┌────────

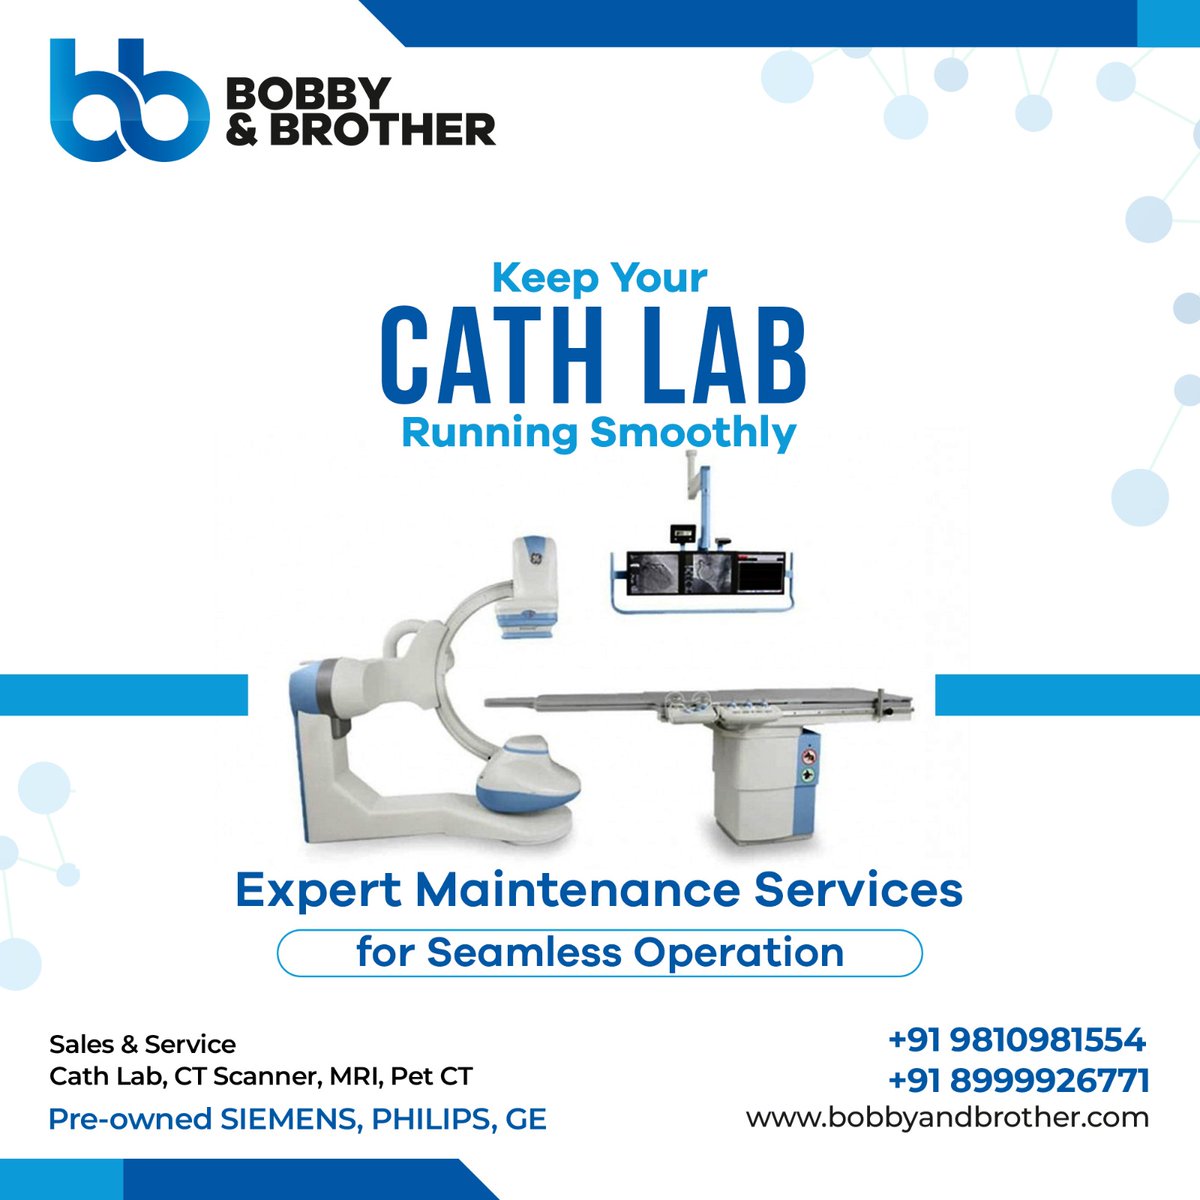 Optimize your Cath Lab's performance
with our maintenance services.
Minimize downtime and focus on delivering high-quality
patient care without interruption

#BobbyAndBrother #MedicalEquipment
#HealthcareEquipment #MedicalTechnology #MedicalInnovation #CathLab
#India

└────────

_What the exercise asks_
Write the records out again in full, exactly, and skip every picture.

_Result for this exercise_
 Optimize your Cath Lab's performance
with our maintenance services.
Minimize downtime and focus on delivering high-quality
patient care without interruption

#BobbyAndBrother #MedicalEquipment
#HealthcareEquipment #MedicalTechnology #MedicalInnovation #CathLab
#India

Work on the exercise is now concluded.